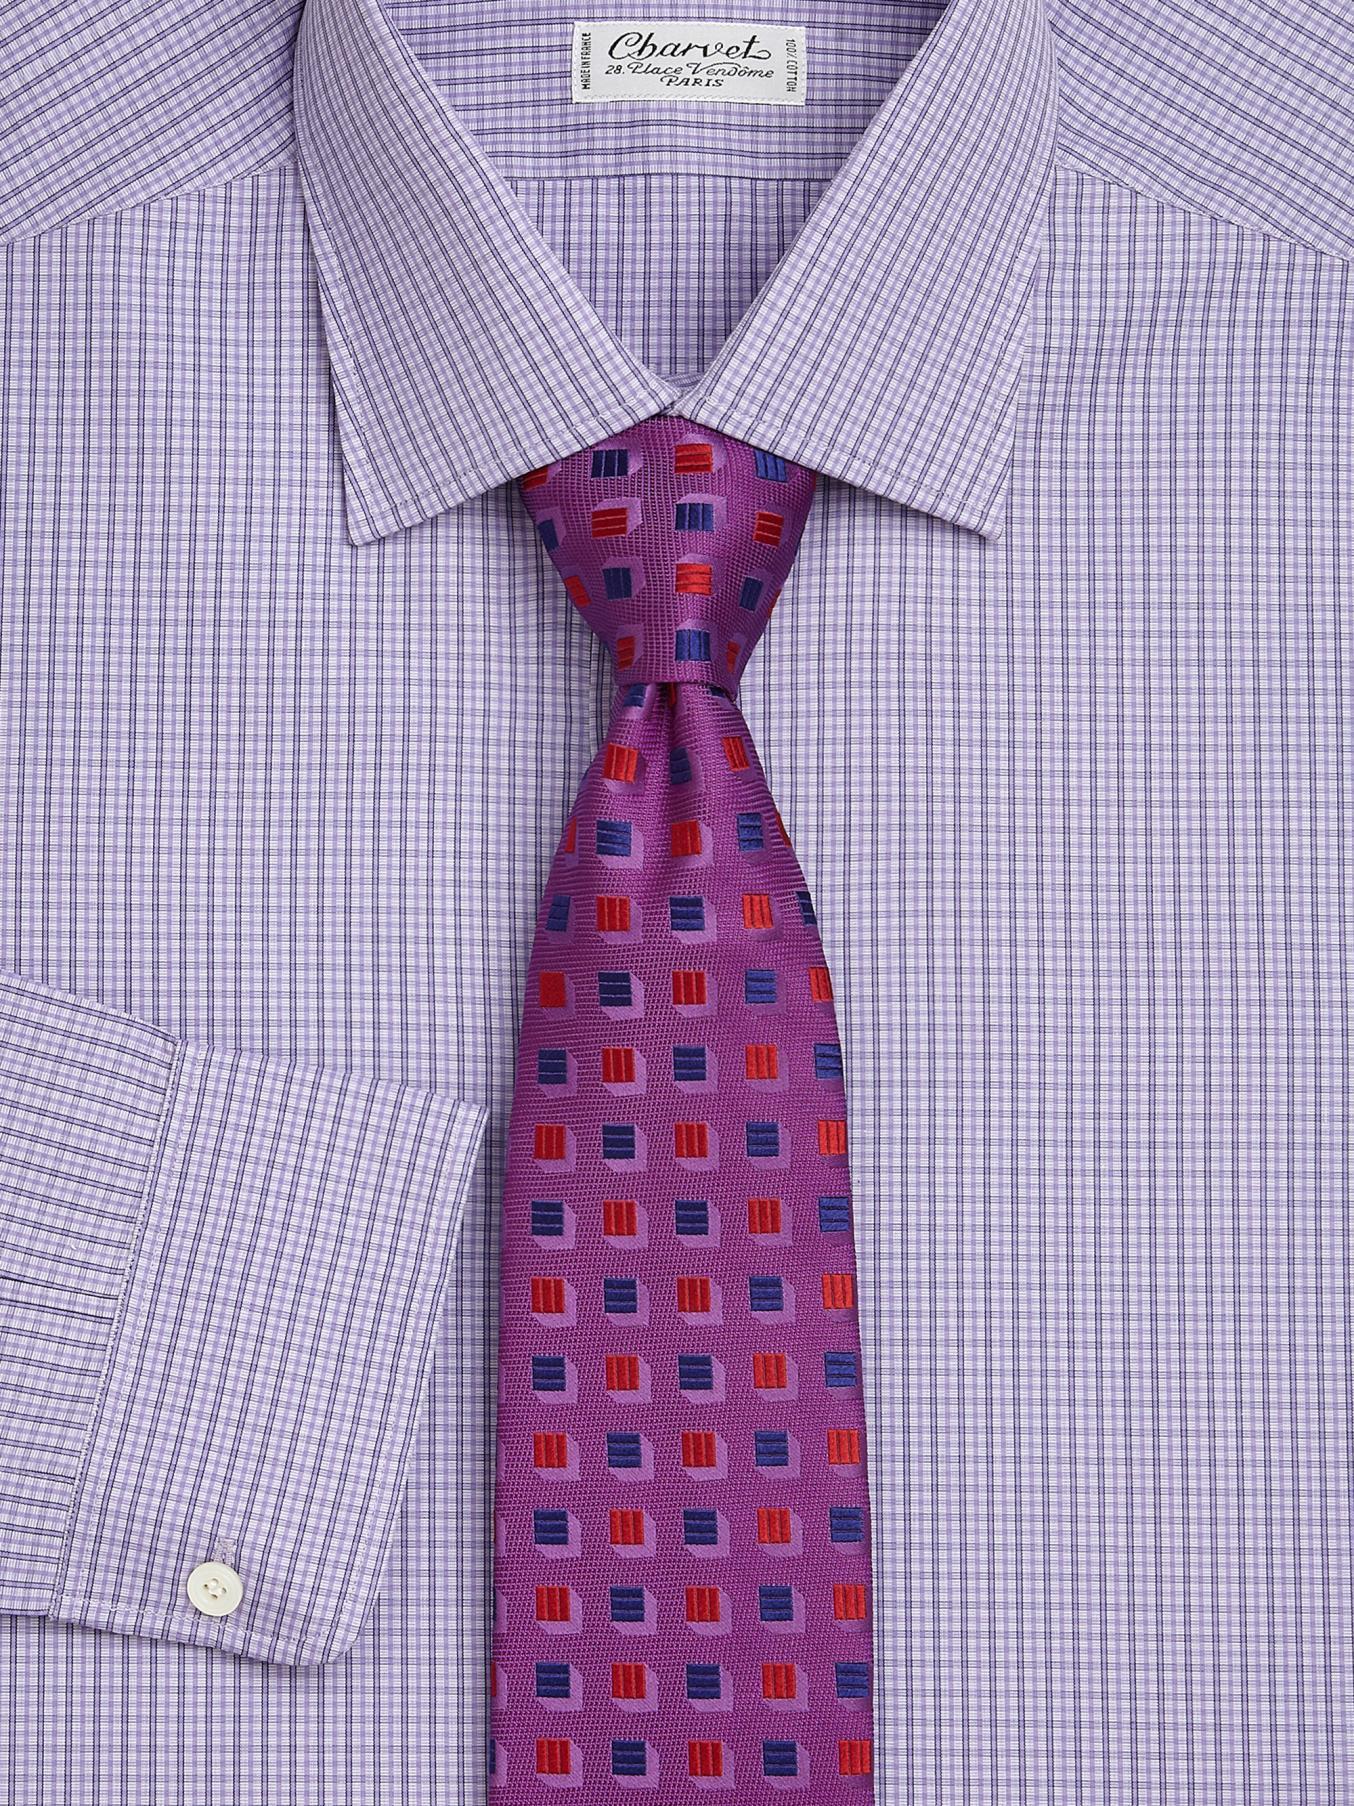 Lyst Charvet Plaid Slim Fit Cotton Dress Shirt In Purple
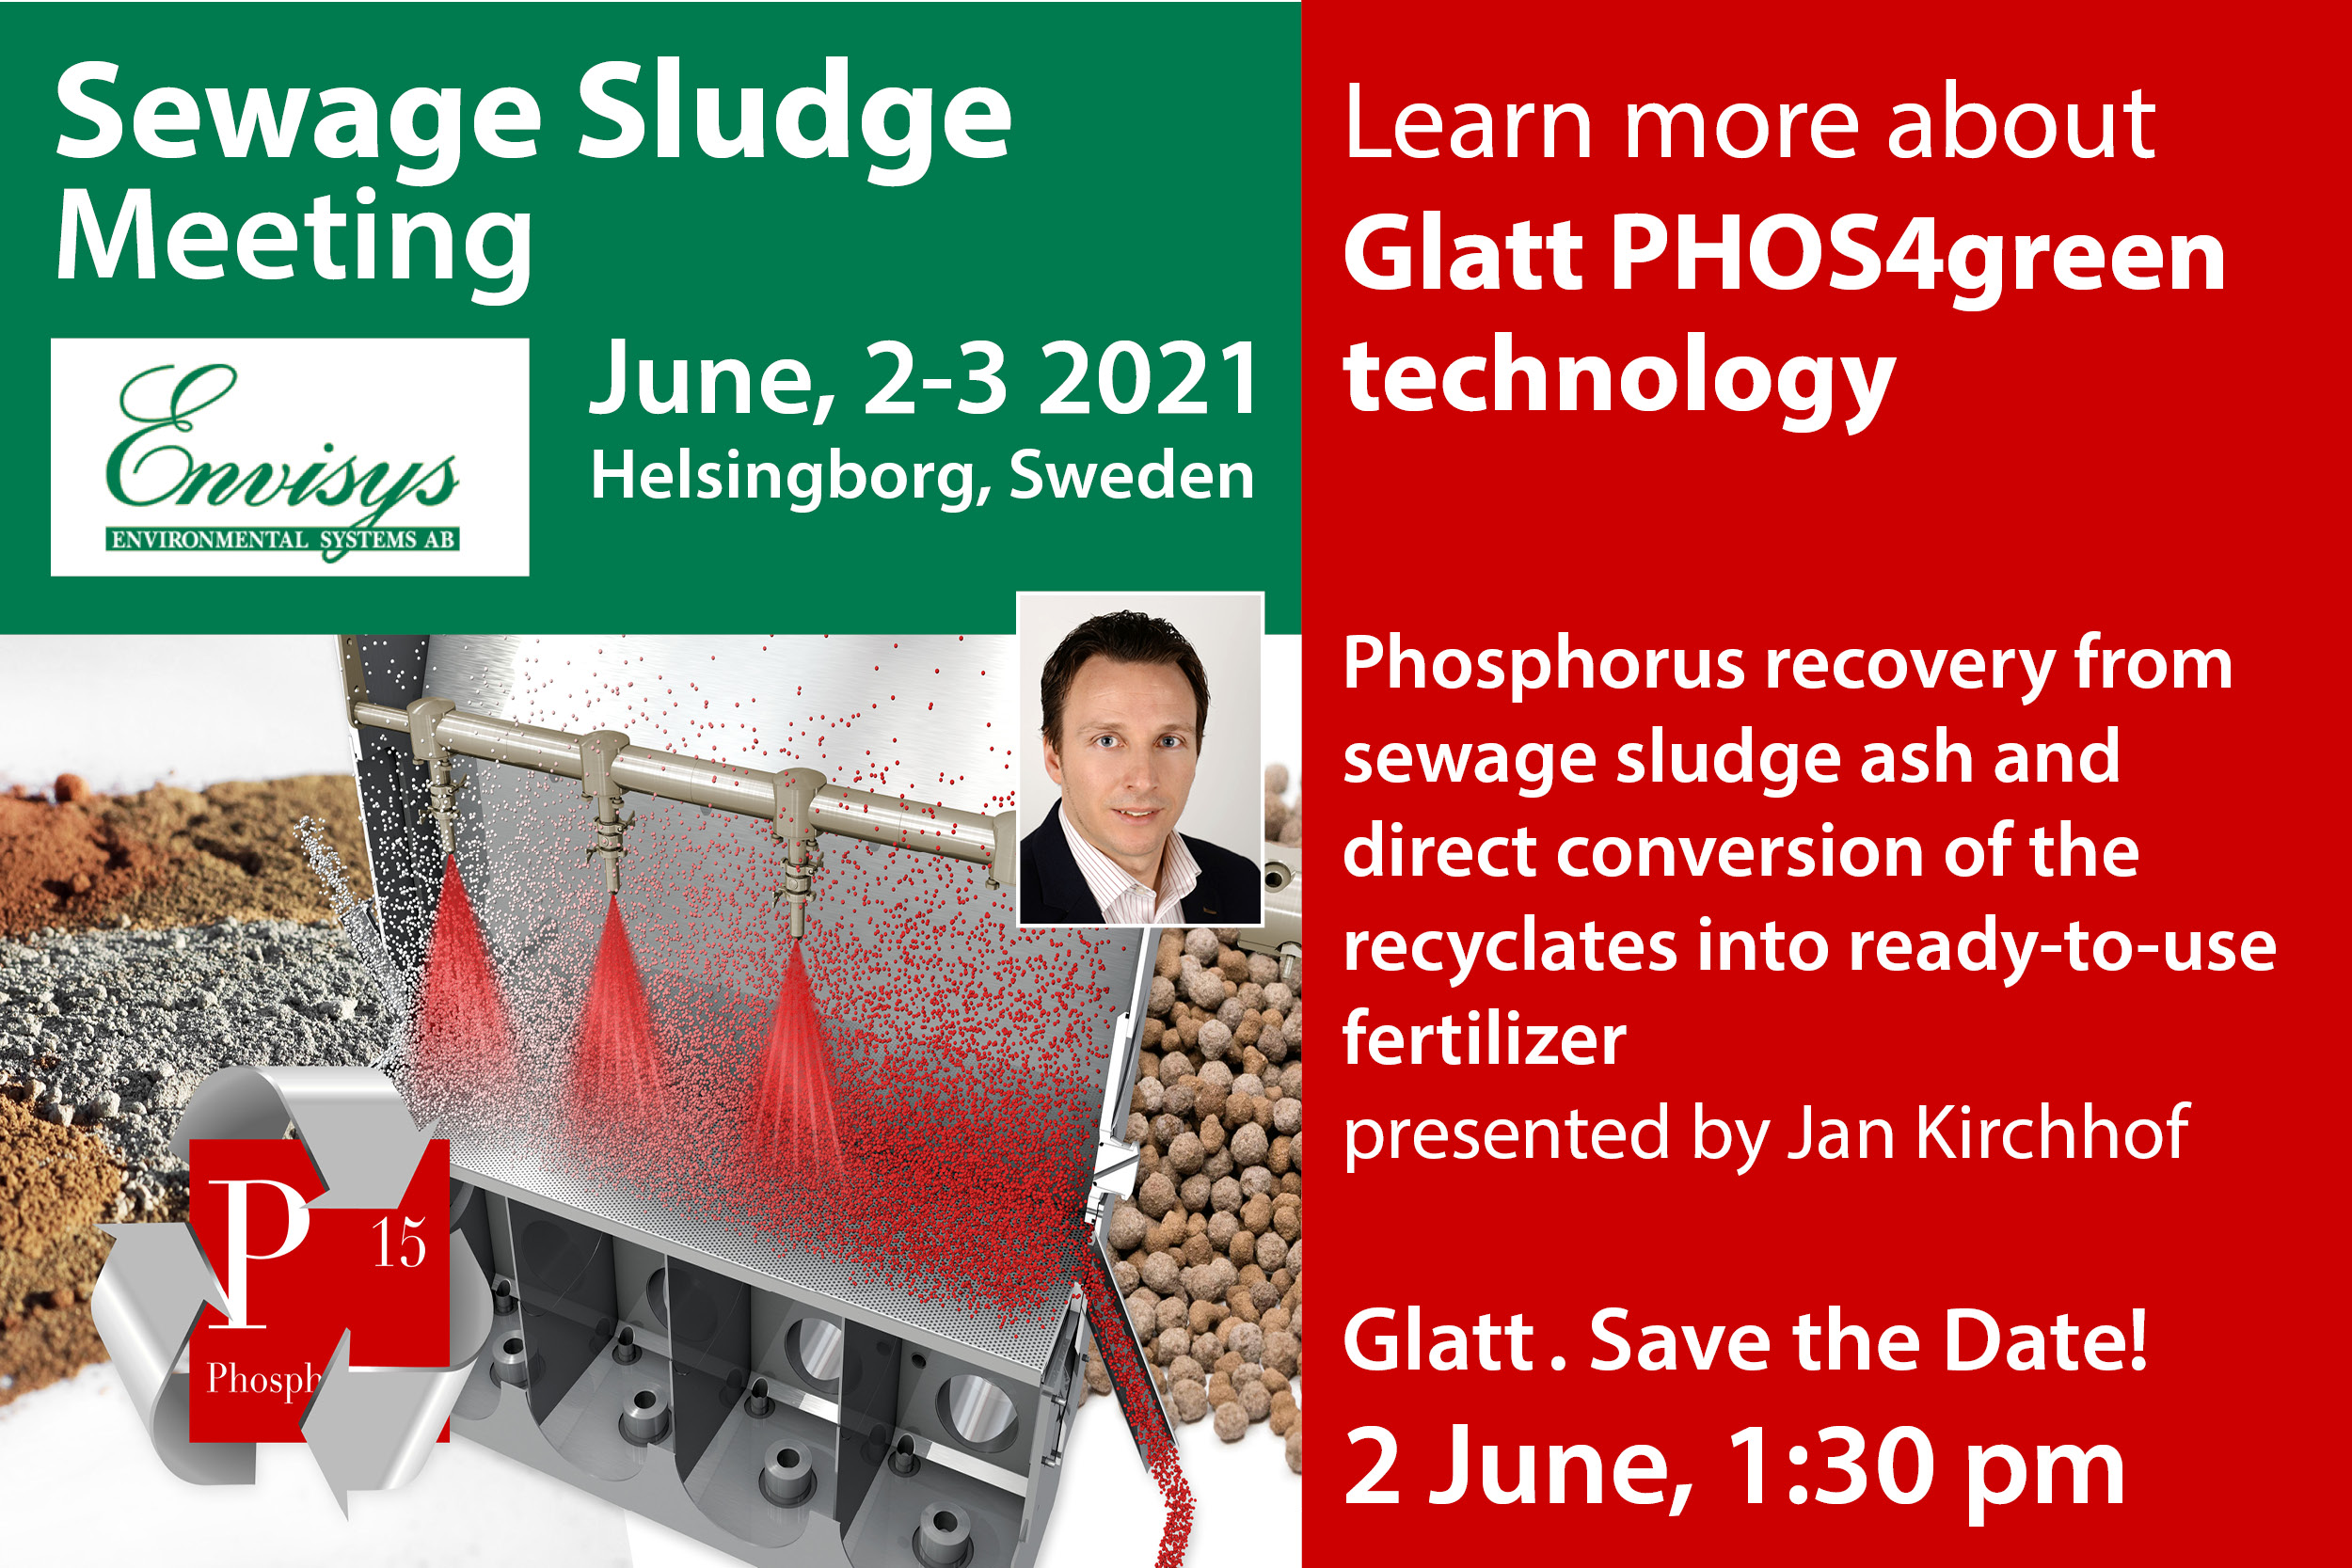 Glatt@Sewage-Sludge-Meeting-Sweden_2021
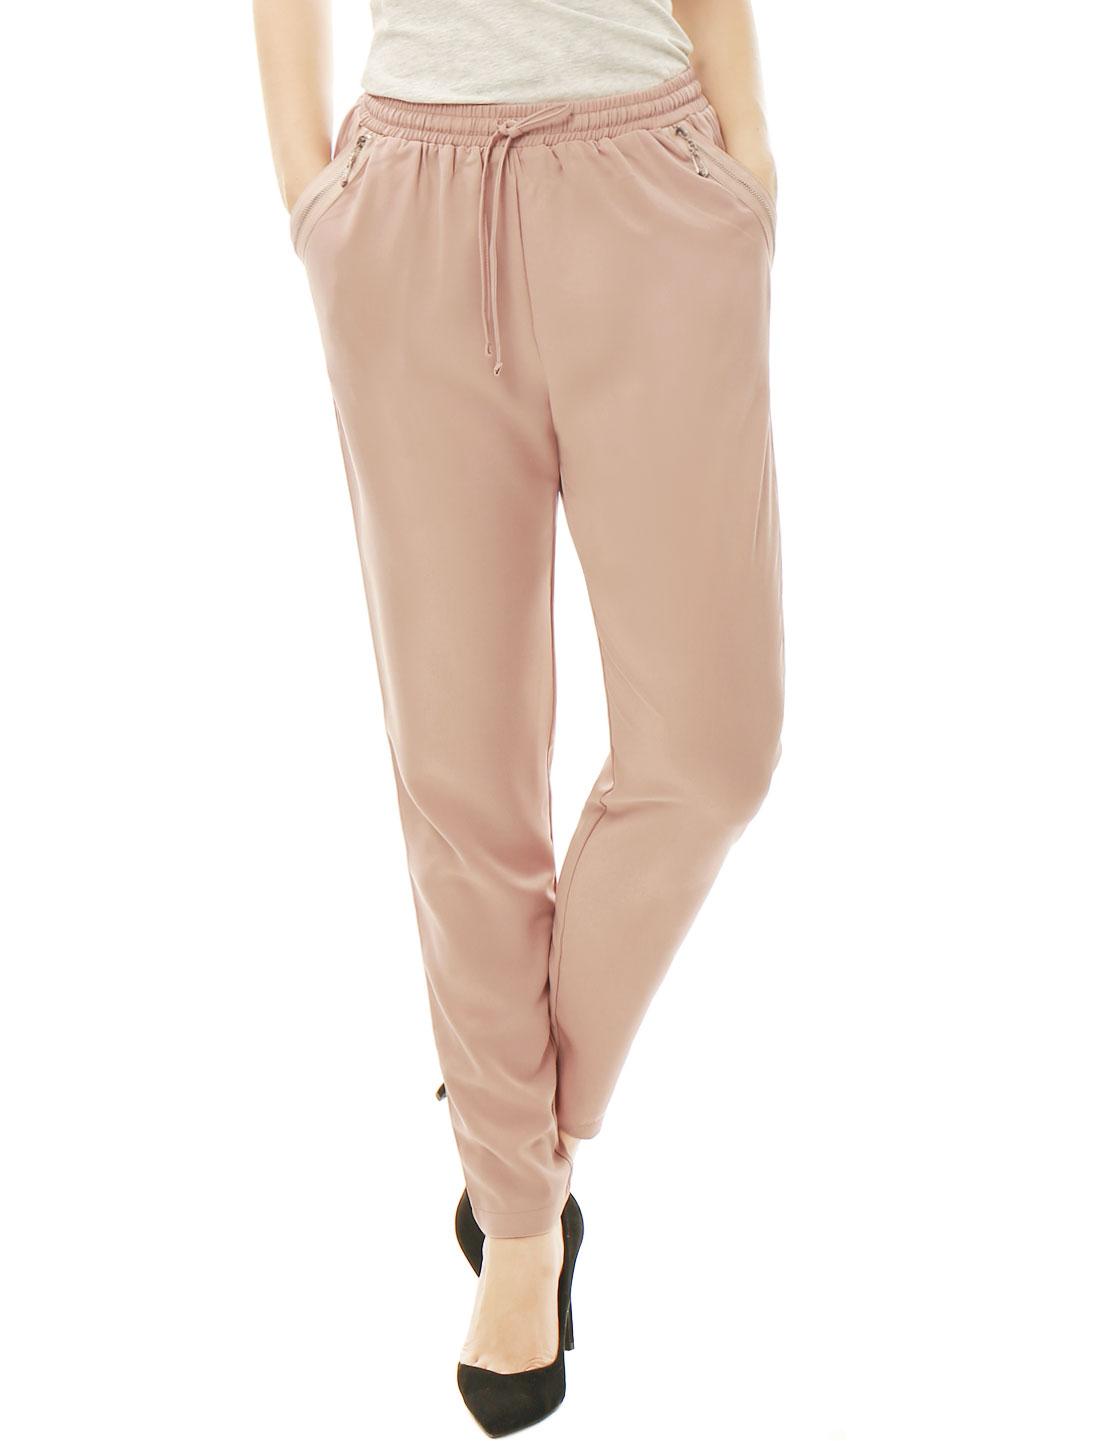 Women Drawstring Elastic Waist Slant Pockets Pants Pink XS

WHAT TO PRODUCE - The whole listing above is to be printed again exactly; pictures stay out of it.

EXERCISE SOLUTION -
 Lyst Charvet Plaid Slim Fit Cotton Dress Shirt In Purple
 Glatt@Sewage-Sludge-Meeting-Sweden_2021
 Women Drawstring Elastic Waist Slant Pockets Pants Pink XS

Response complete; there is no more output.